Work required
What is needed is an exact reproduction of the listing, without its pictures.
(Data extract)
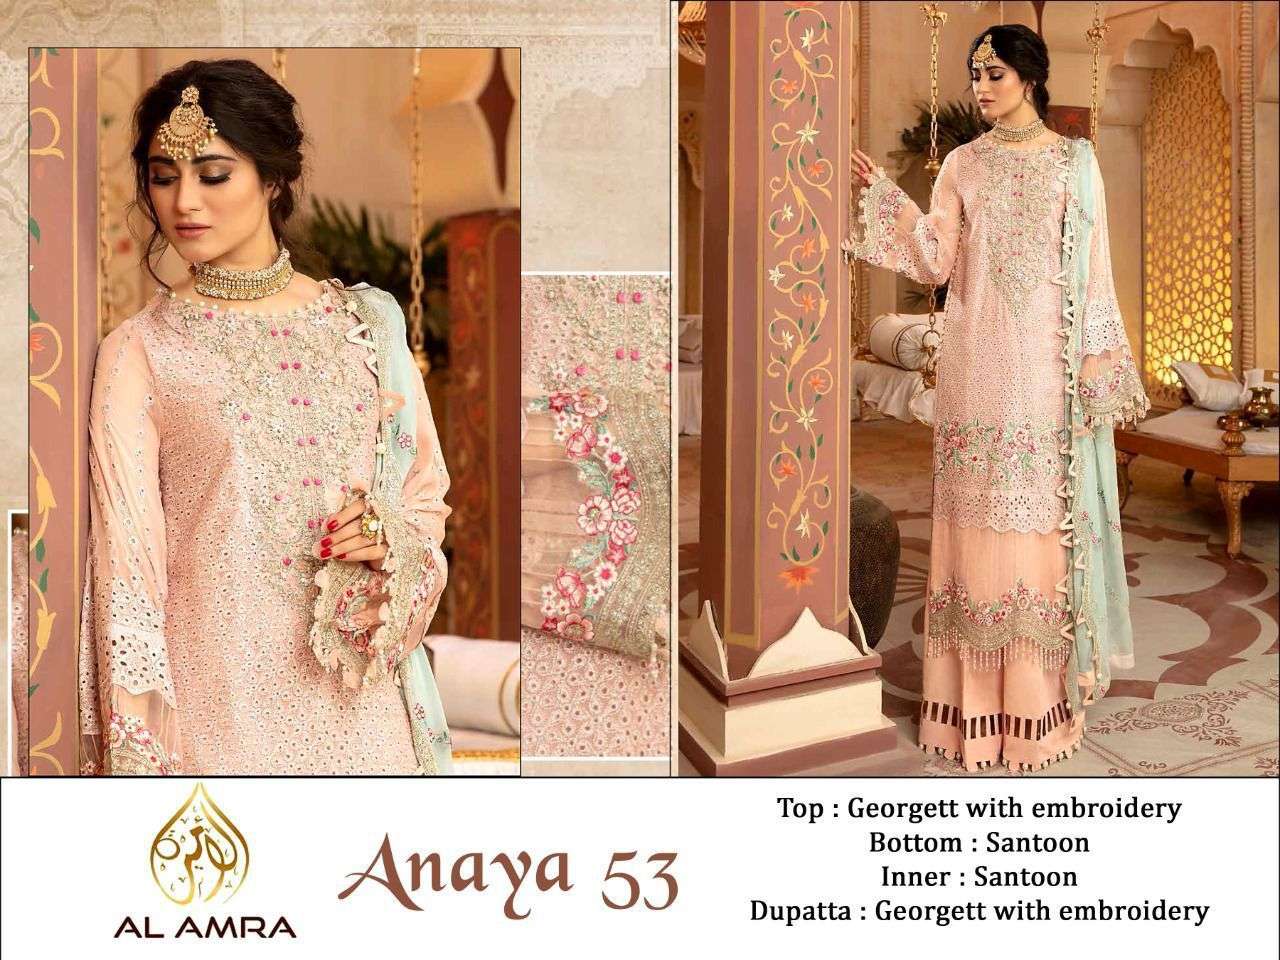 ANAYA ZF 53 BY AL AMRA DESIGNER GEORGETTE EMBROIDERY PAKISTANI DRESS
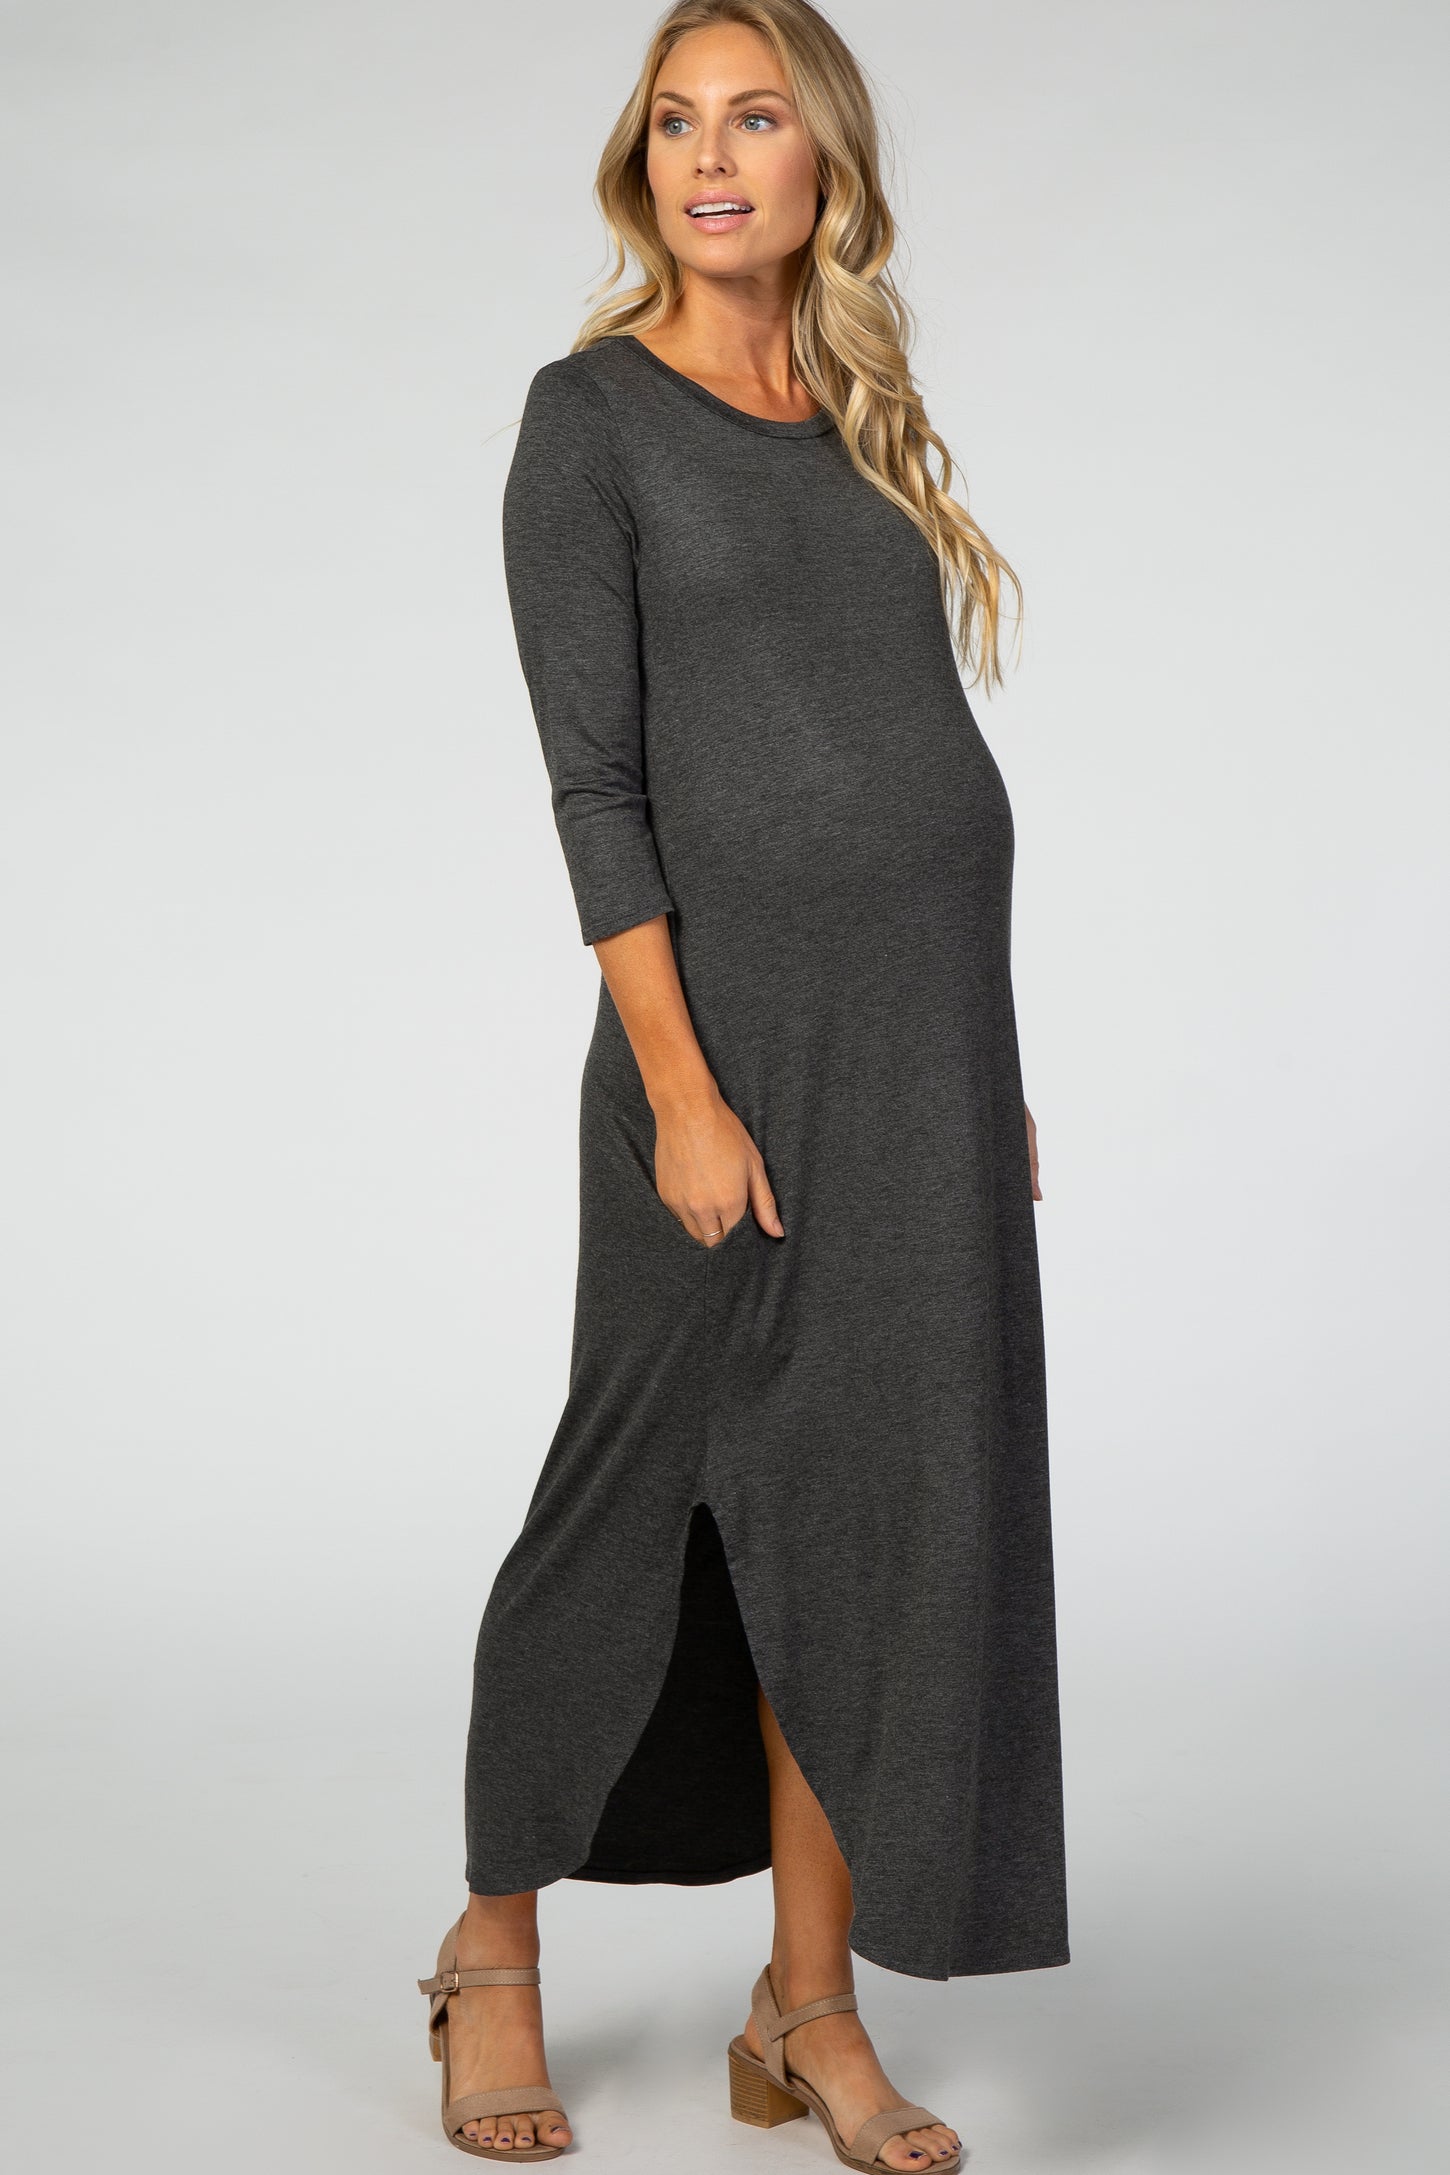 Charcoal 3/4 Sleeve Side Slit Maternity Maxi Dress
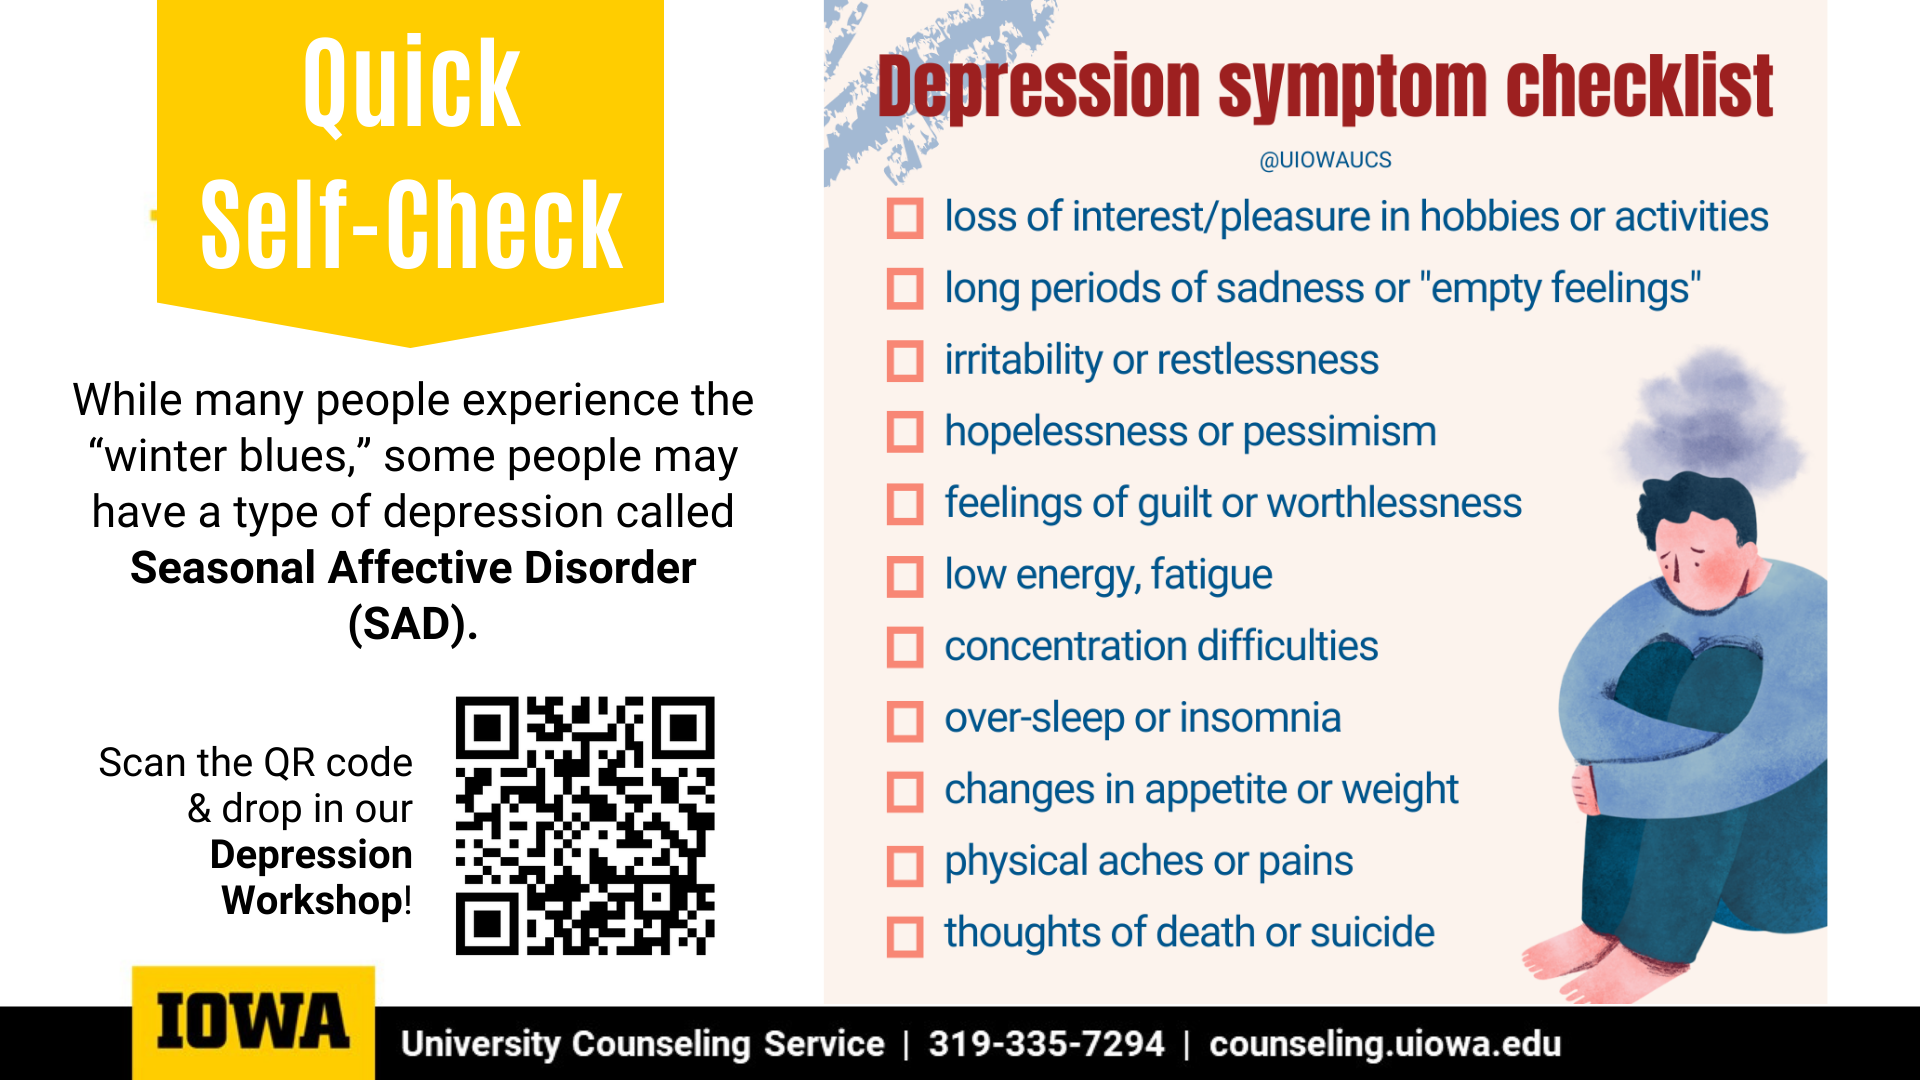 Depression checklist
(End Data extract)
Solution to the exercise
 ANAYA ZF 53 BY AL AMRA DESIGNER GEORGETTE EMBROIDERY PAKISTANI DRESS
 Charcoal 3/4 Sleeve Side Slit Maternity Maxi Dress
 Depression checklist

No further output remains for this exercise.